-- EXERCISE OBJECTIVE --
Would you output the lines from the one with "chapel hill wedding ceremony photo" through the last line of the material below, exactly, but without pictures?

-- AVAILABLE DATA --
-- -- --
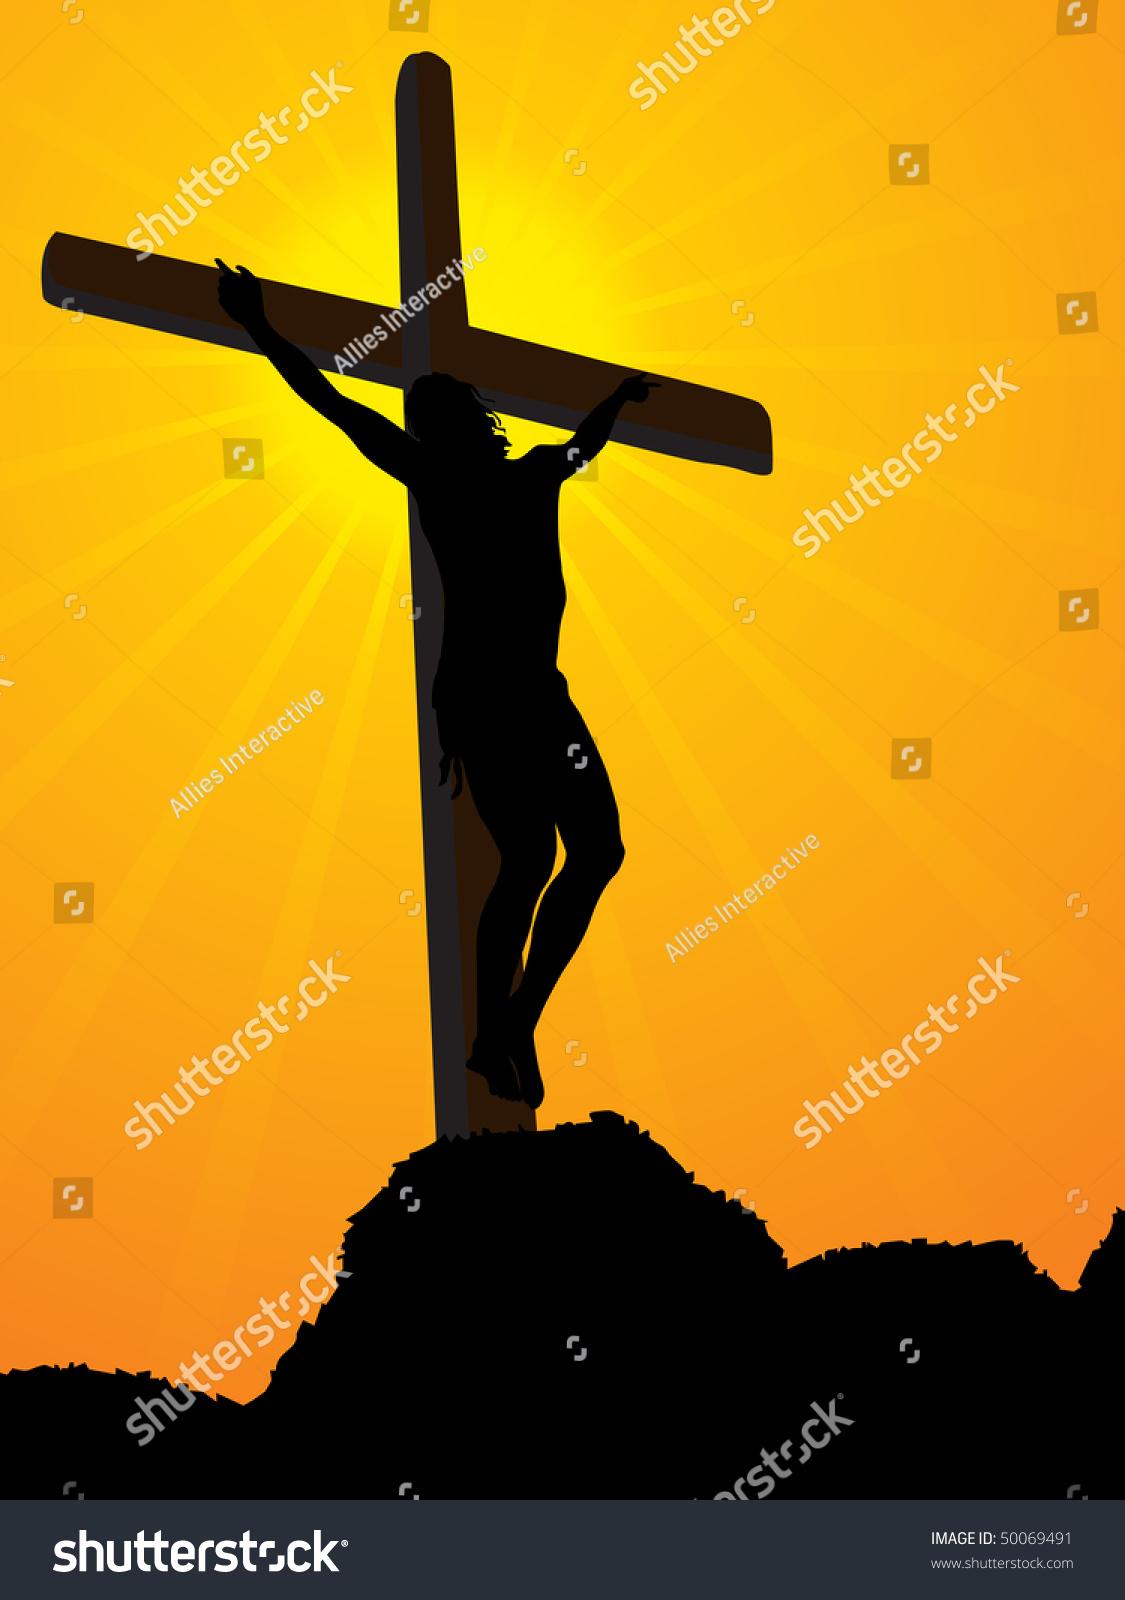 abstract yellow rays background jesus cross stock vector 50069491
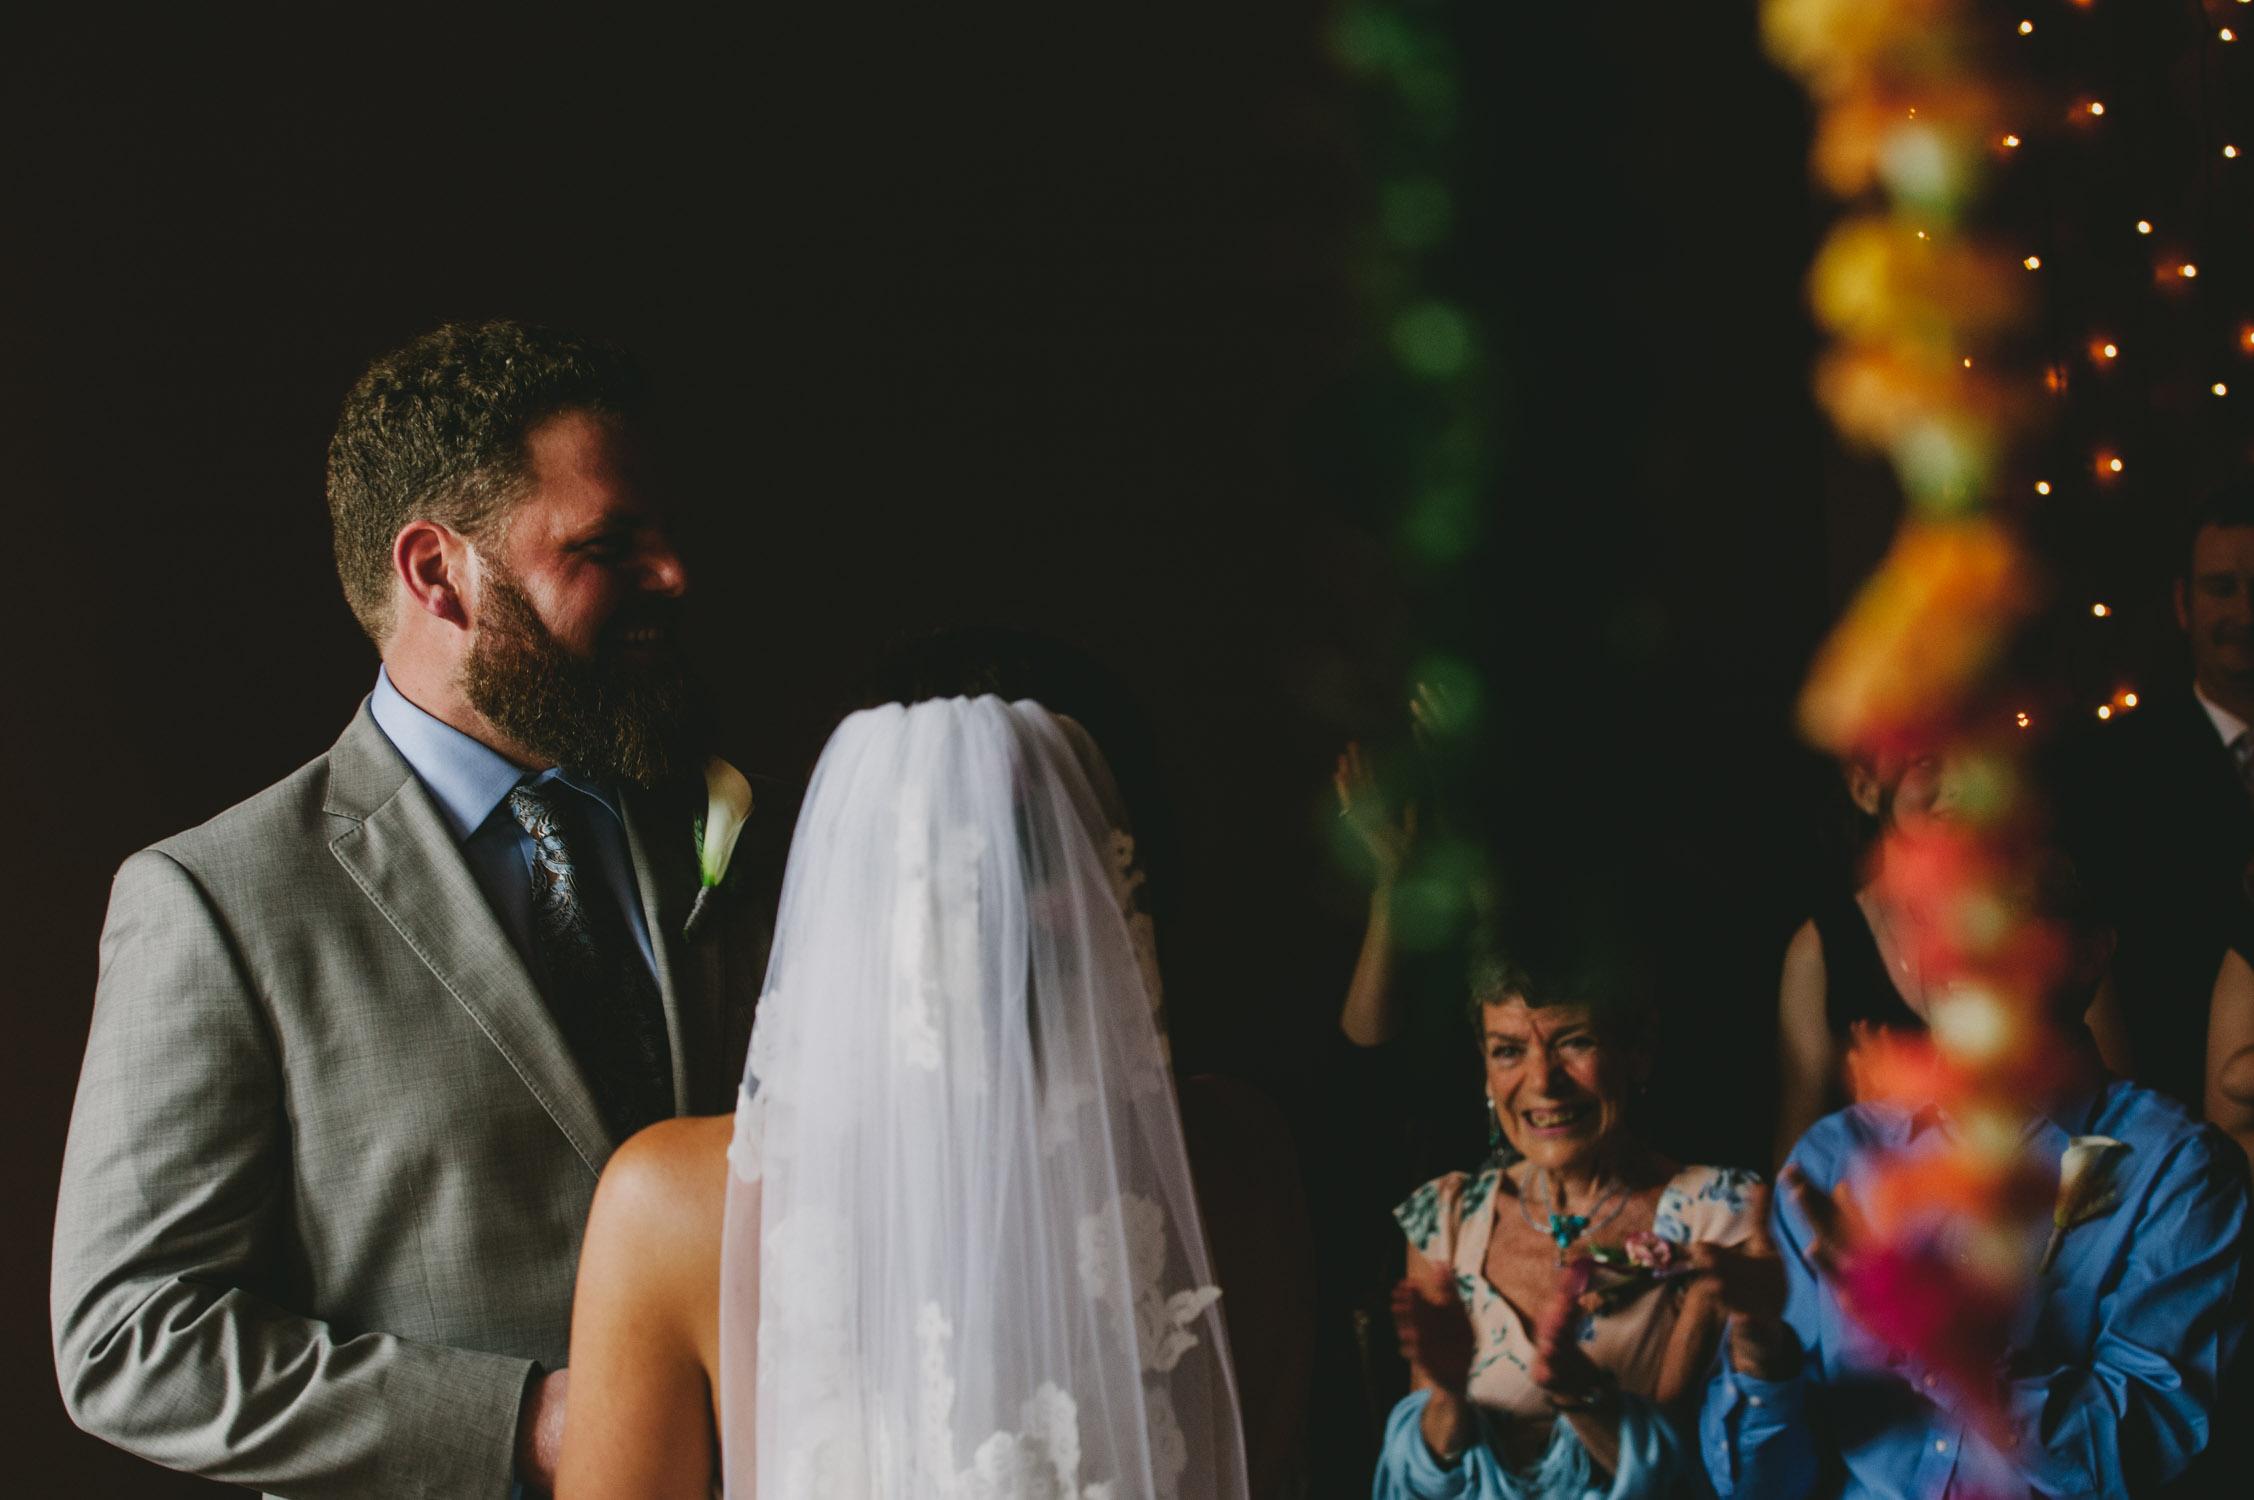 chapel hill wedding ceremony photo
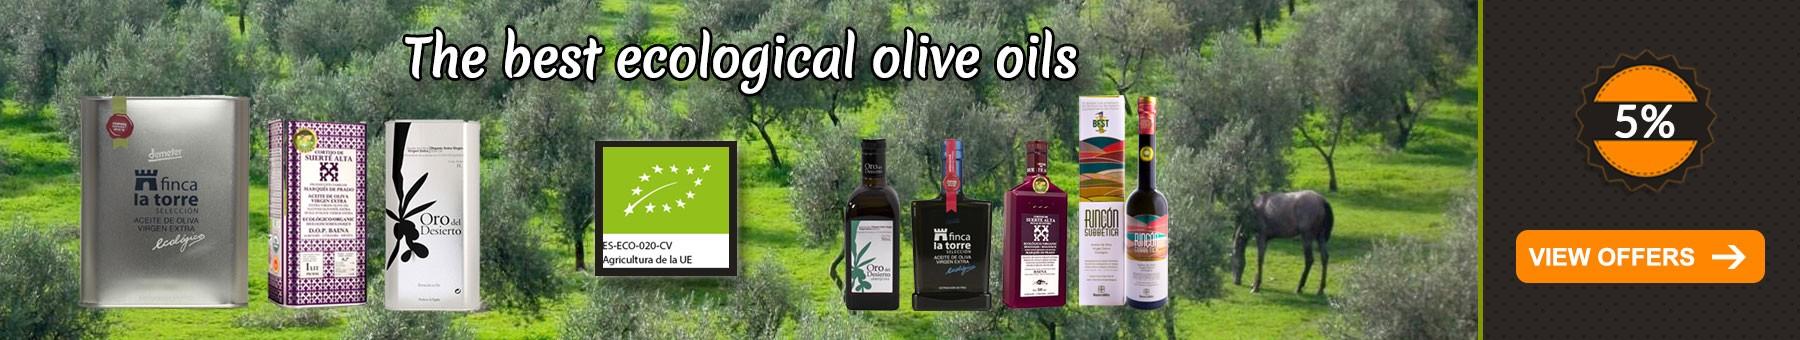 5% discount organic olive oils
-- -- --
-- ANSWER TO THIS EXERCISE --
 chapel hill wedding ceremony photo
 5% discount organic olive oils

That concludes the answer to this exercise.